> [TASK TO COMPLETE] Skipping any pictures, repeat exactly and only the lines from the one that holds "Petit Create Your" to the last line of the material, both included.

> [SUPPLIED MATERIAL]
════════════════

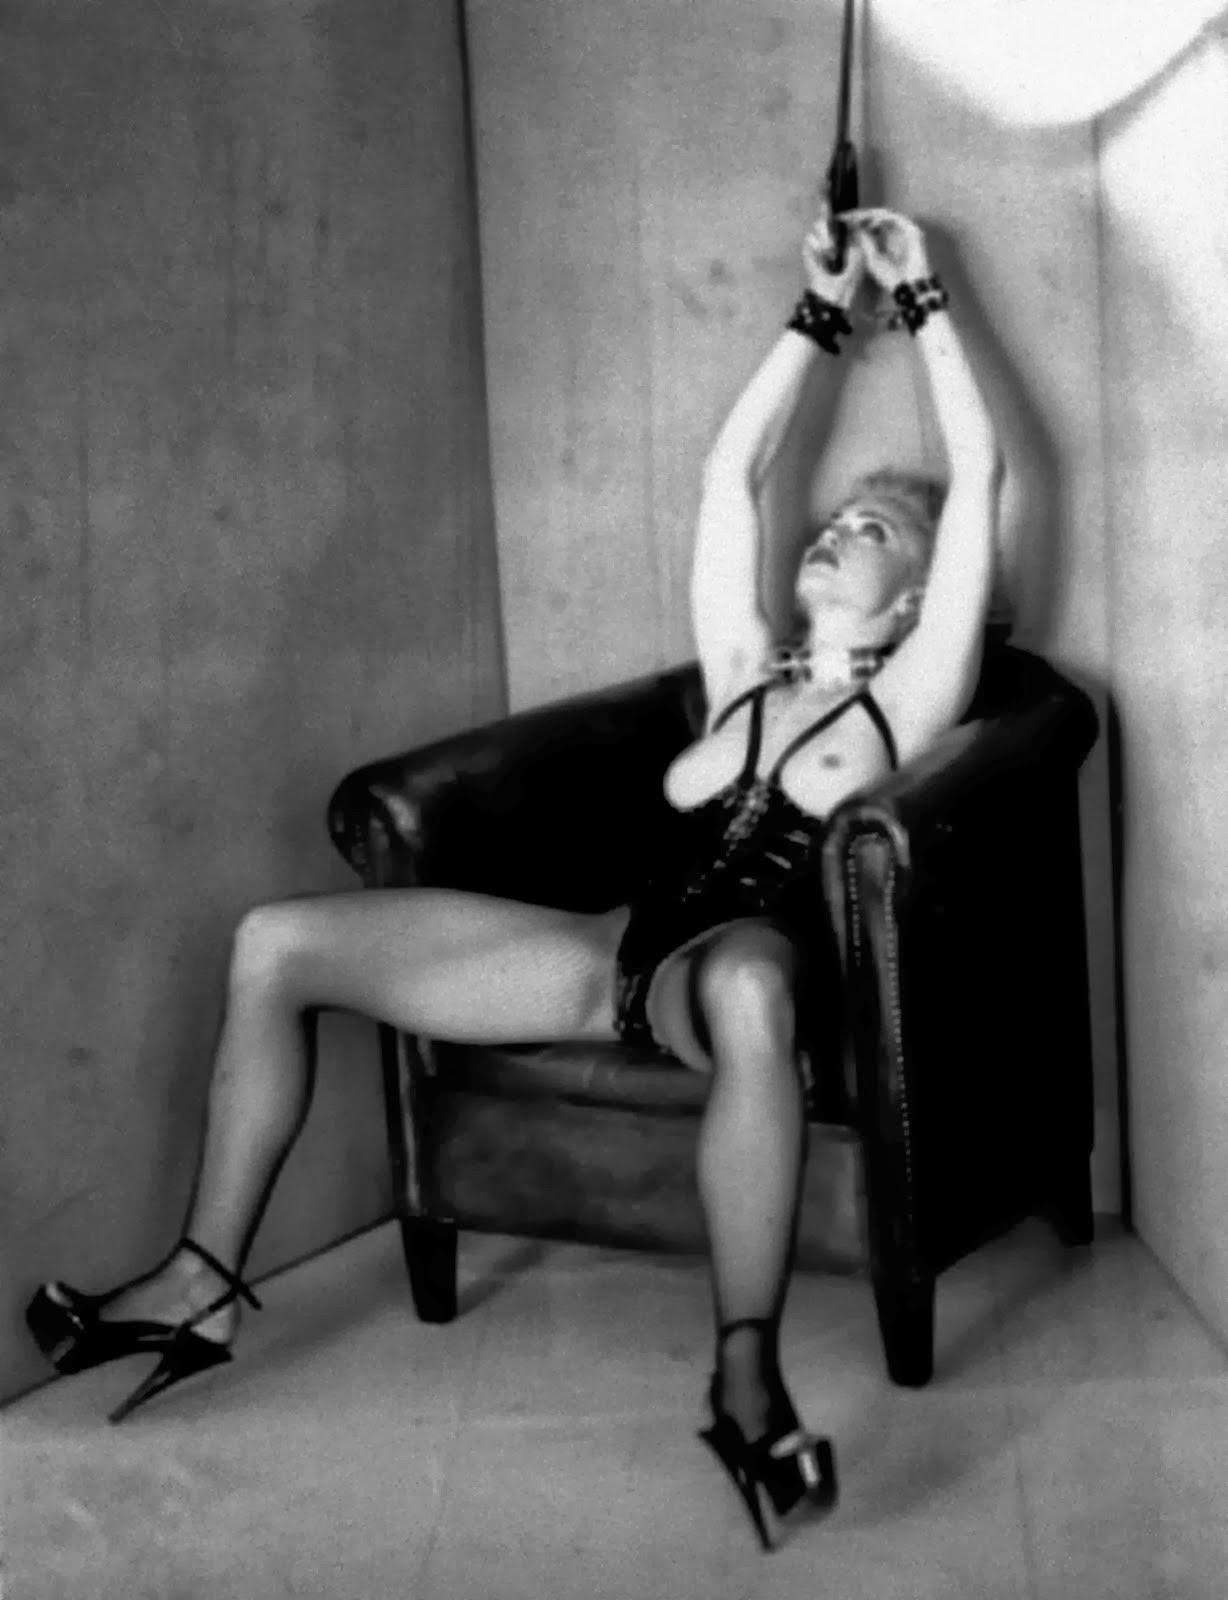 book-photos-madonna-porn-ashvaria-hot-topless-cumshut
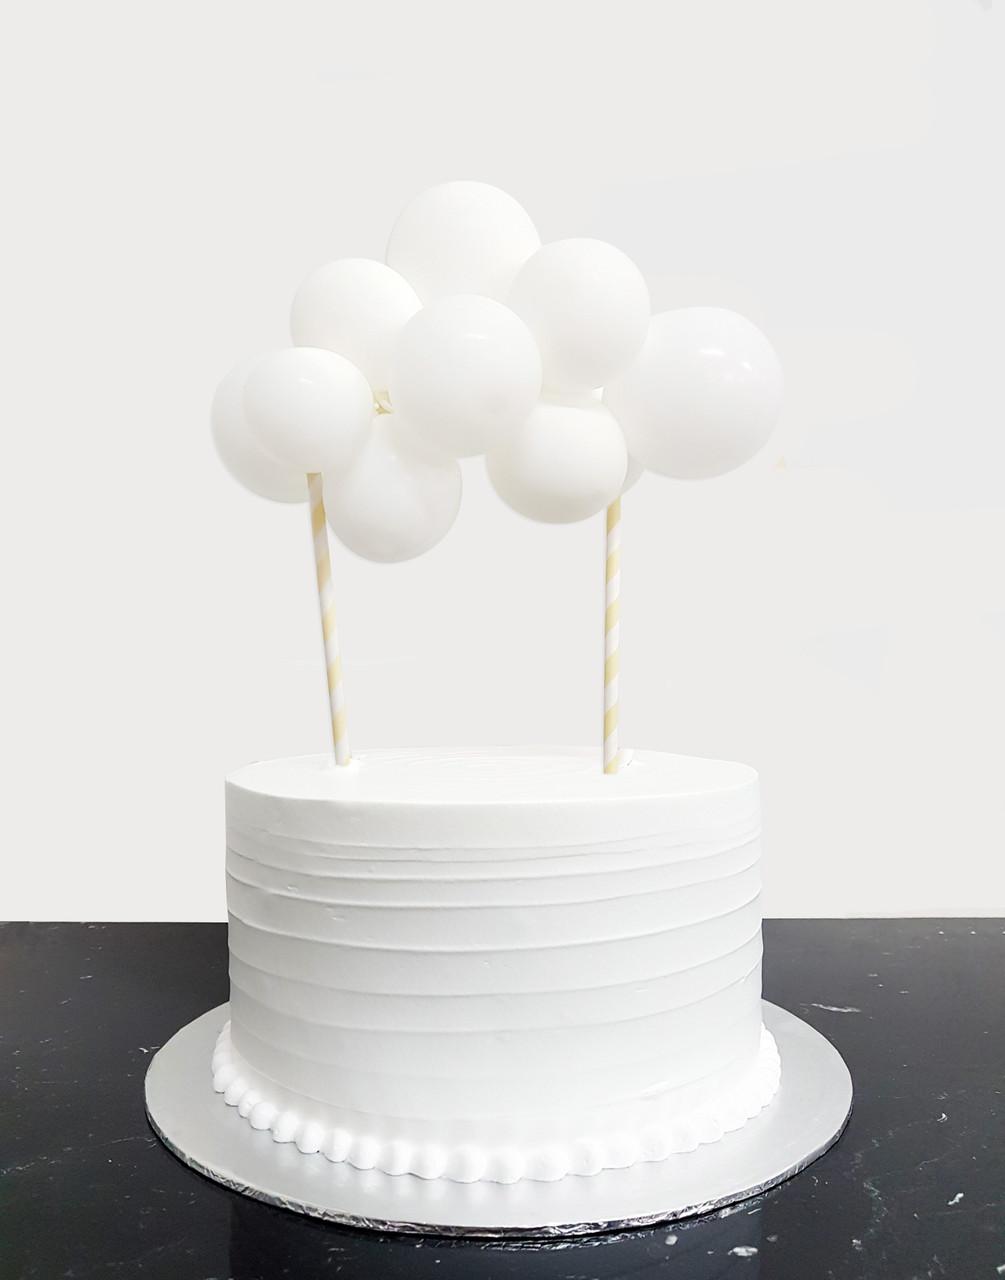 Petit Create Your Own Organic Balloon Garland Cake Topper Snow White Puffy Cloud Give Fun
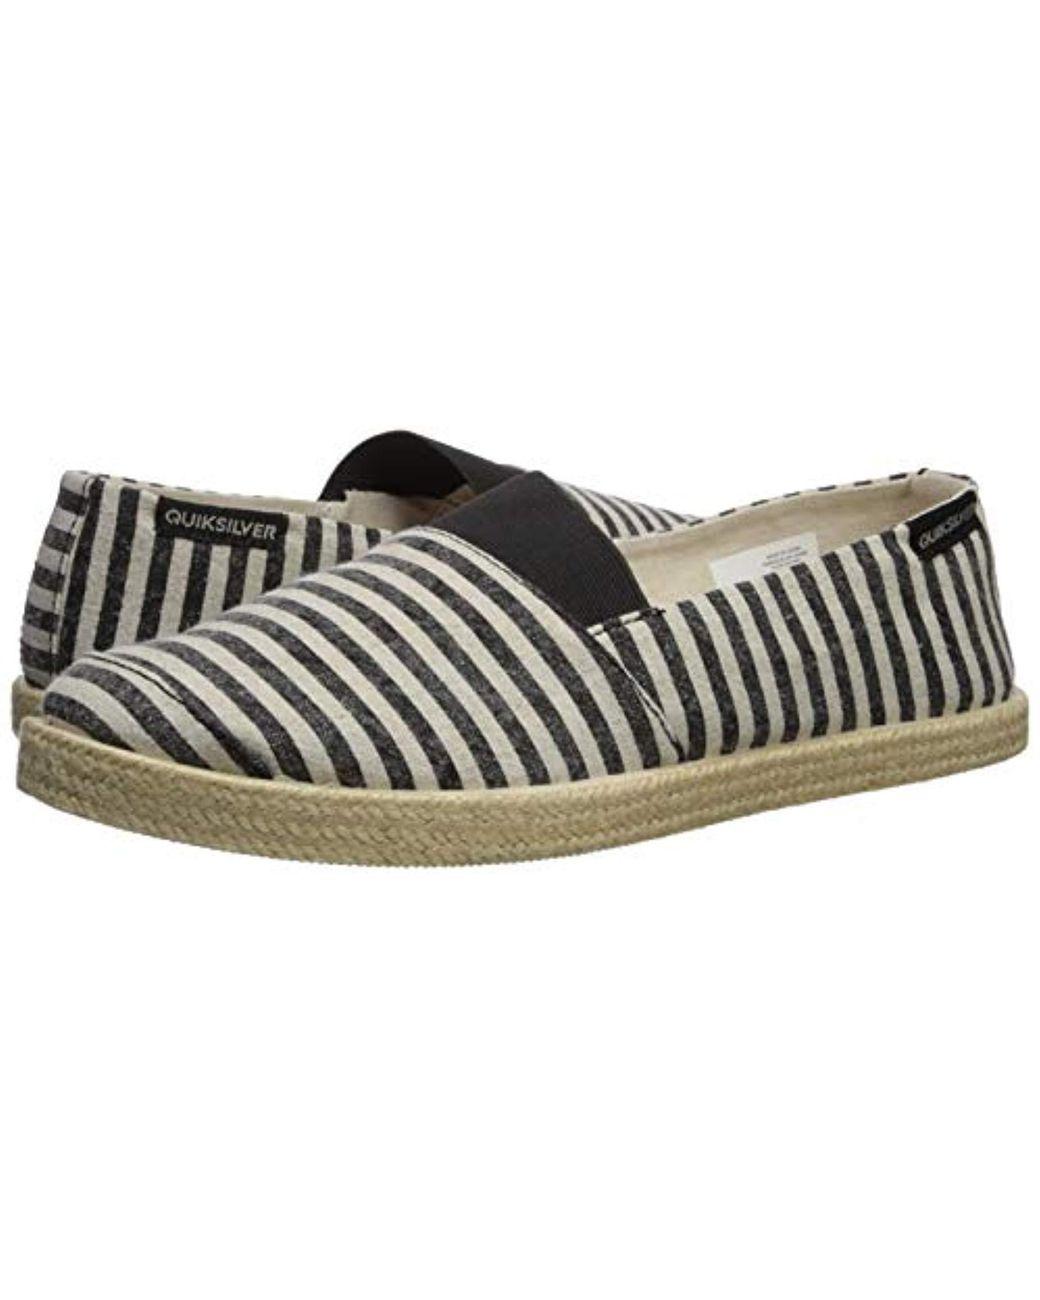 8ebb9e31f688c Quiksilver Espadrilled M Shoe Xkkc Men's Espadrilles / Casual Shoes In Black  in Black for Men - Save 3% - Lyst

════════════════

> [COMPLETED TASK]
 Petit Create Your Own Organic Balloon Garland Cake Topper Snow White Puffy Cloud Give Fun
 8ebb9e31f688c Quiksilver Espadrilled M Shoe Xkkc Men's Espadrilles / Casual Shoes In Black  in Black for Men - Save 3% - Lyst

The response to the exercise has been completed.